▶ _REQUIREMENT_
Please set down only the lines below starting with the line with "Huawei P50/Pro เท่านั้น" and going on through the line with "Bitlis Milli Eğitim", verbatim and without pictures.

Start of DATA EXCERPTS

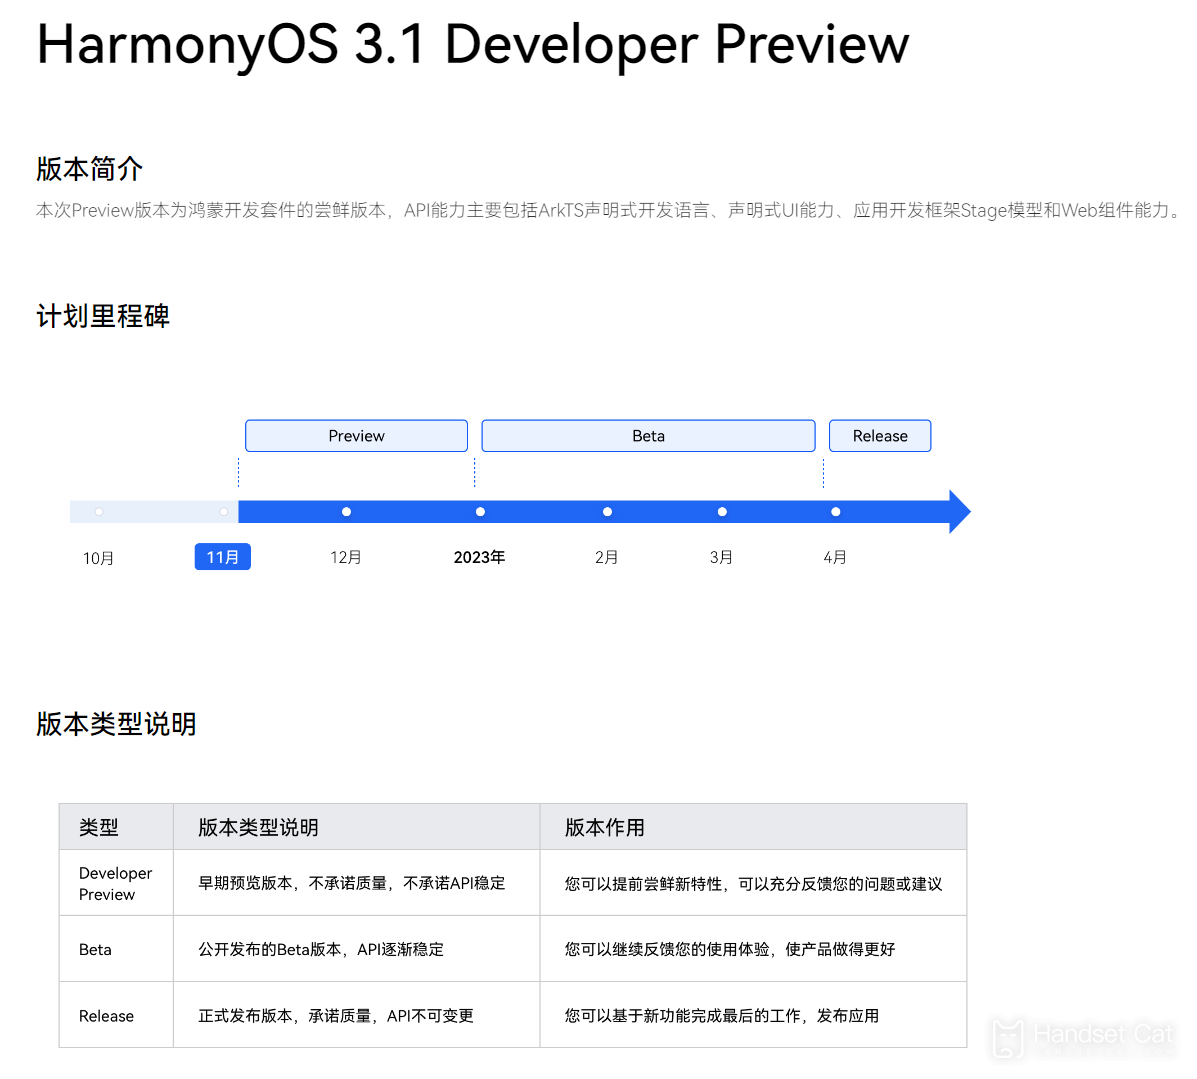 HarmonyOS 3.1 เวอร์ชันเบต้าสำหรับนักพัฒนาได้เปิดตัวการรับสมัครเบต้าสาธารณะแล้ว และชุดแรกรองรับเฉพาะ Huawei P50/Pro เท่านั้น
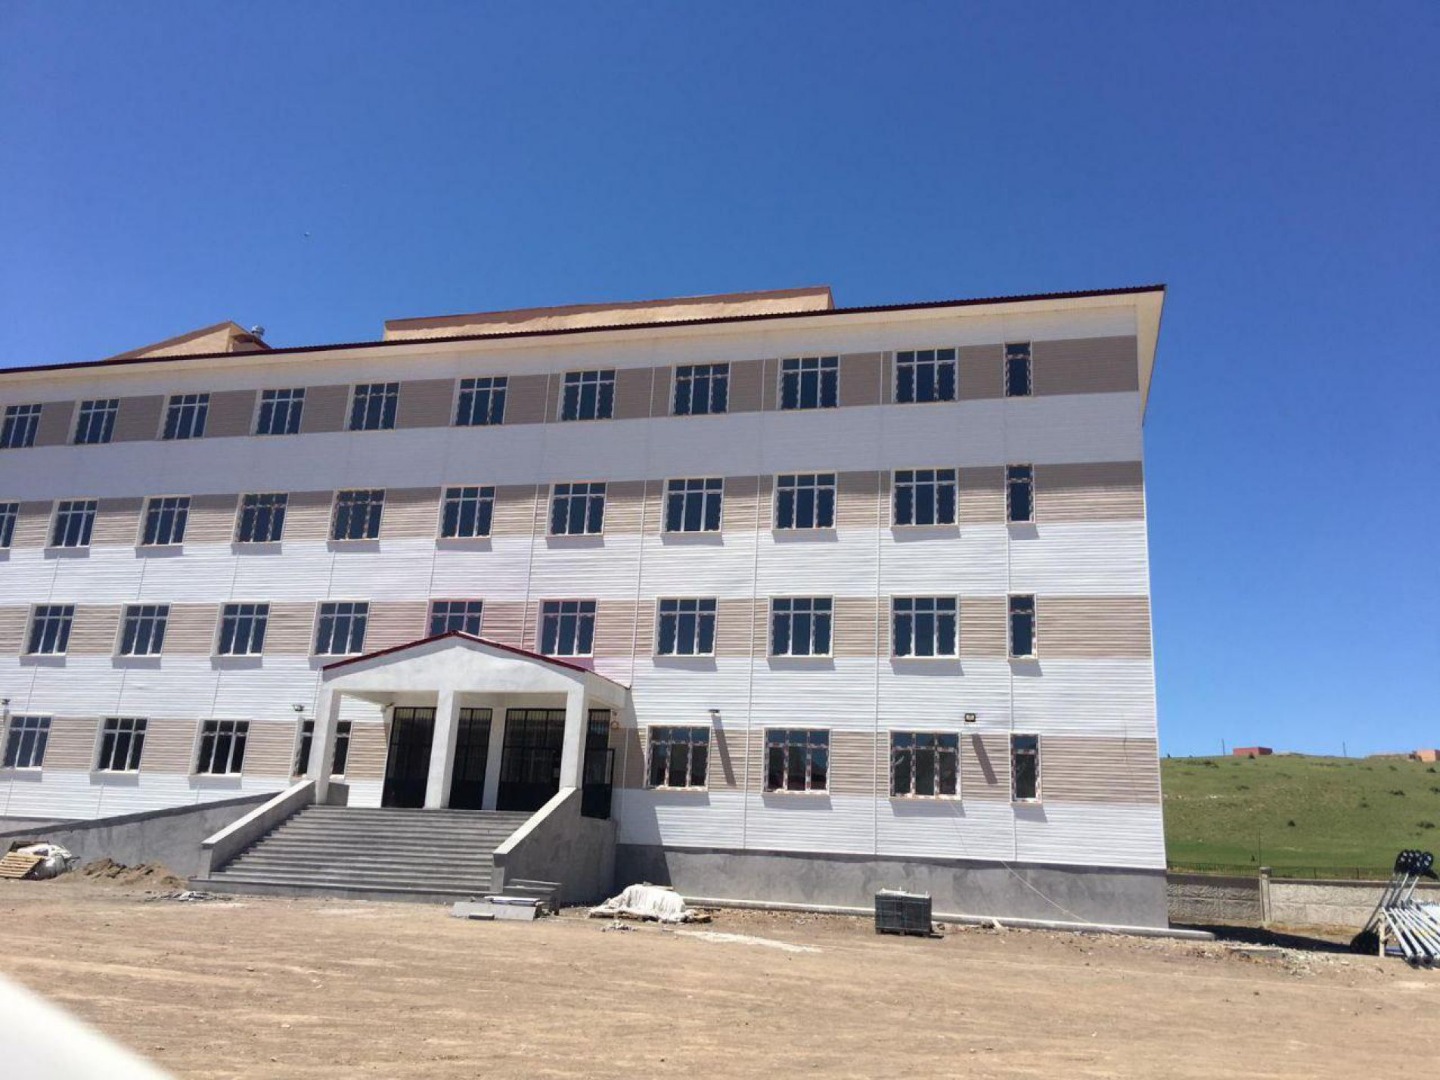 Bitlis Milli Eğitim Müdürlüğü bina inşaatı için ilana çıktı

End of DATA EXCERPTS
Start of DATA EXCERPTS

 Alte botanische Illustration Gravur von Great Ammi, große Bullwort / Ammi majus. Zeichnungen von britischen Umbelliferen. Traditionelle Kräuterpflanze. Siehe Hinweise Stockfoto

End of DATA EXCERPTS
Start of DATA EXCERPTS

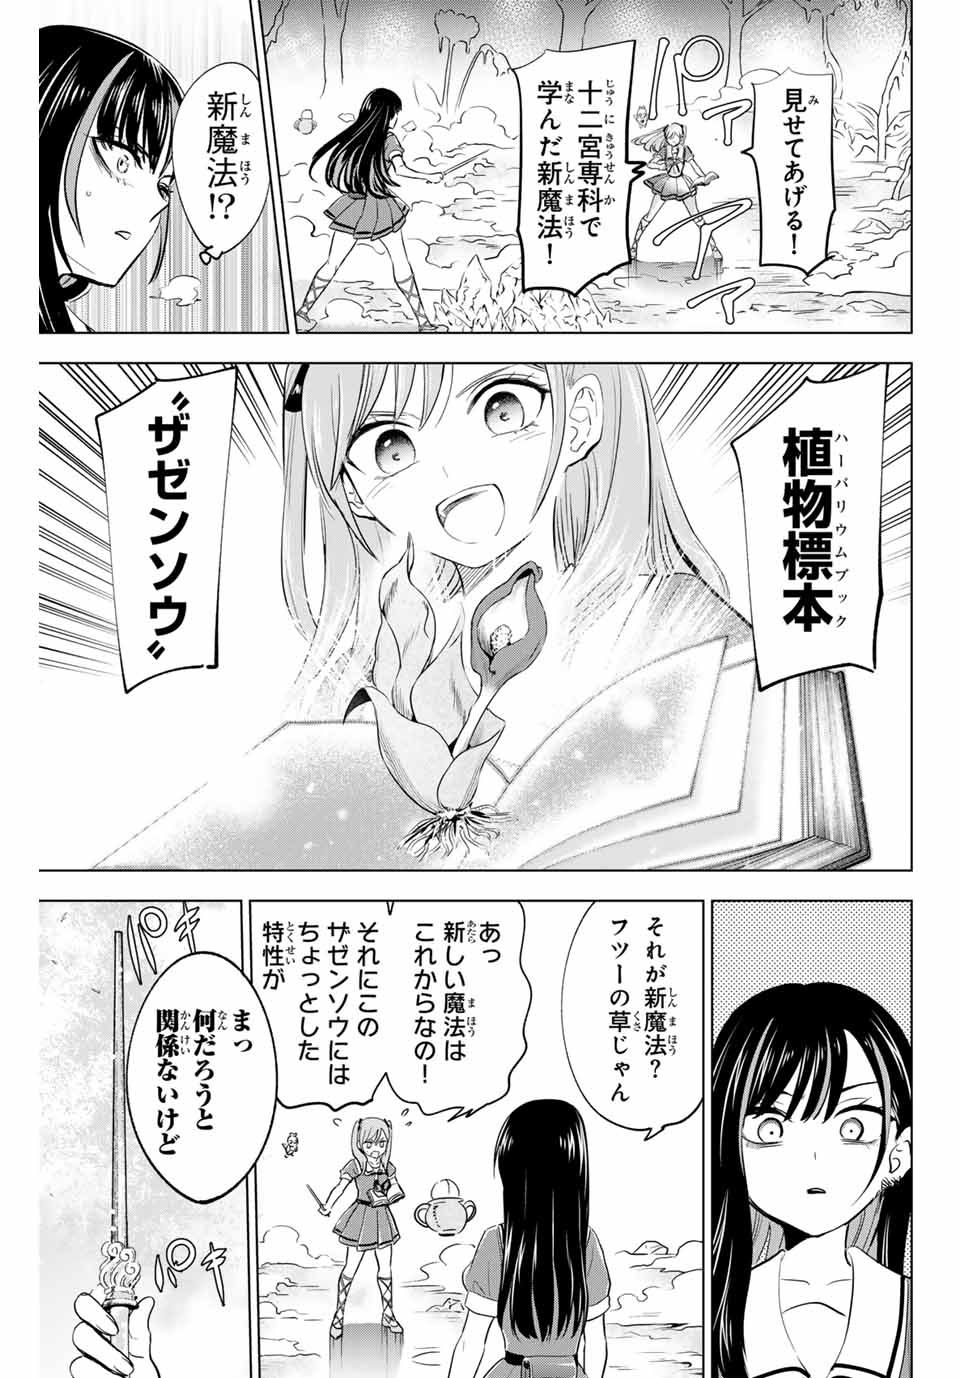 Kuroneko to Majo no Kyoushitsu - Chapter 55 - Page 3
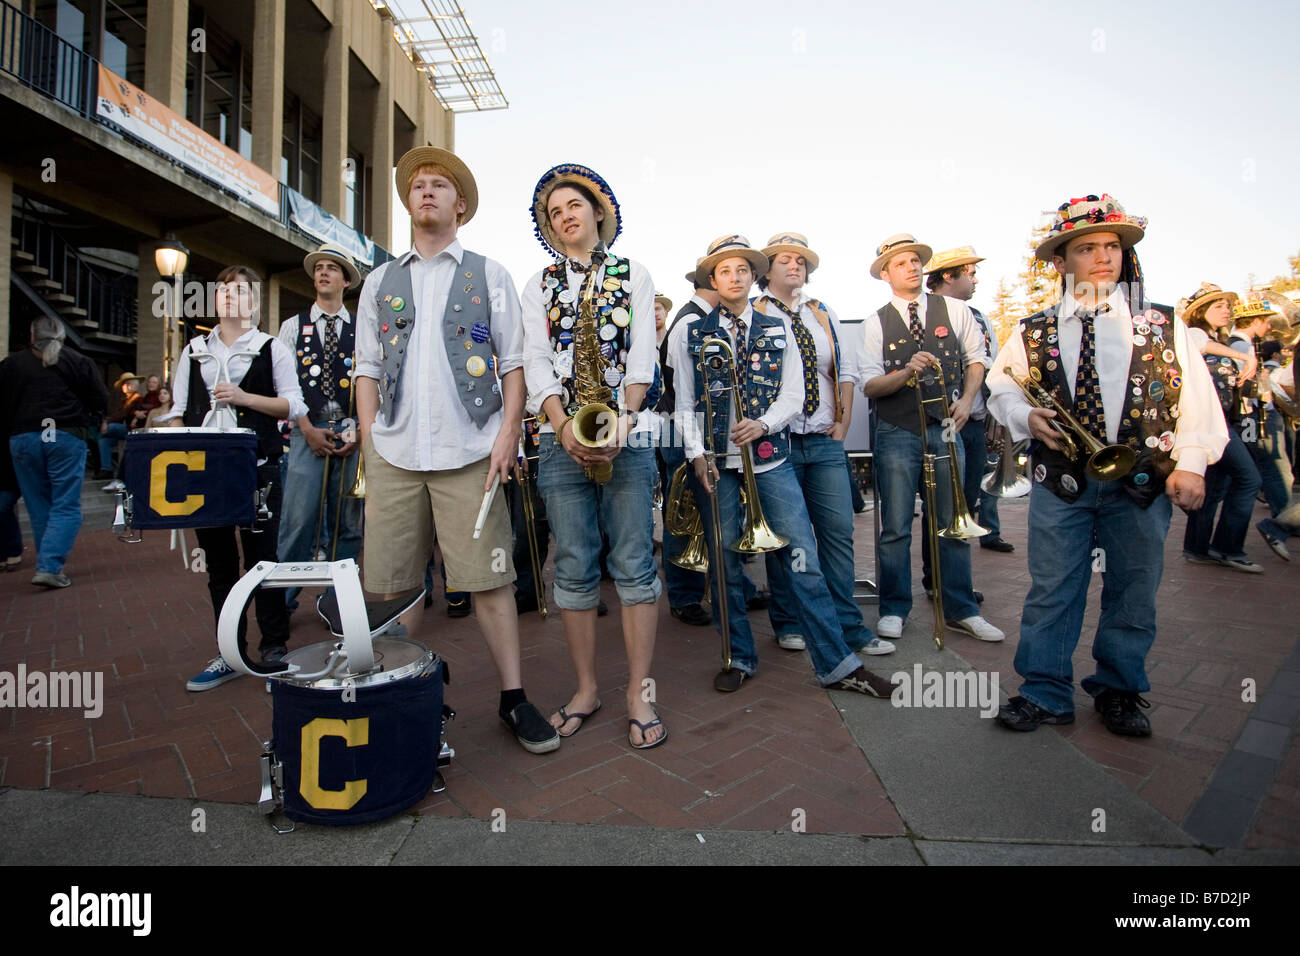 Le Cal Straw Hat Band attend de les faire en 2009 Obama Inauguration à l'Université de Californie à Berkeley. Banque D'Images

End of DATA EXCERPTS

▶ _SOLUTION_
 HarmonyOS 3.1 เวอร์ชันเบต้าสำหรับนักพัฒนาได้เปิดตัวการรับสมัครเบต้าสาธารณะแล้ว และชุดแรกรองรับเฉพาะ Huawei P50/Pro เท่านั้น
 Bitlis Milli Eğitim Müdürlüğü bina inşaatı için ilana çıktı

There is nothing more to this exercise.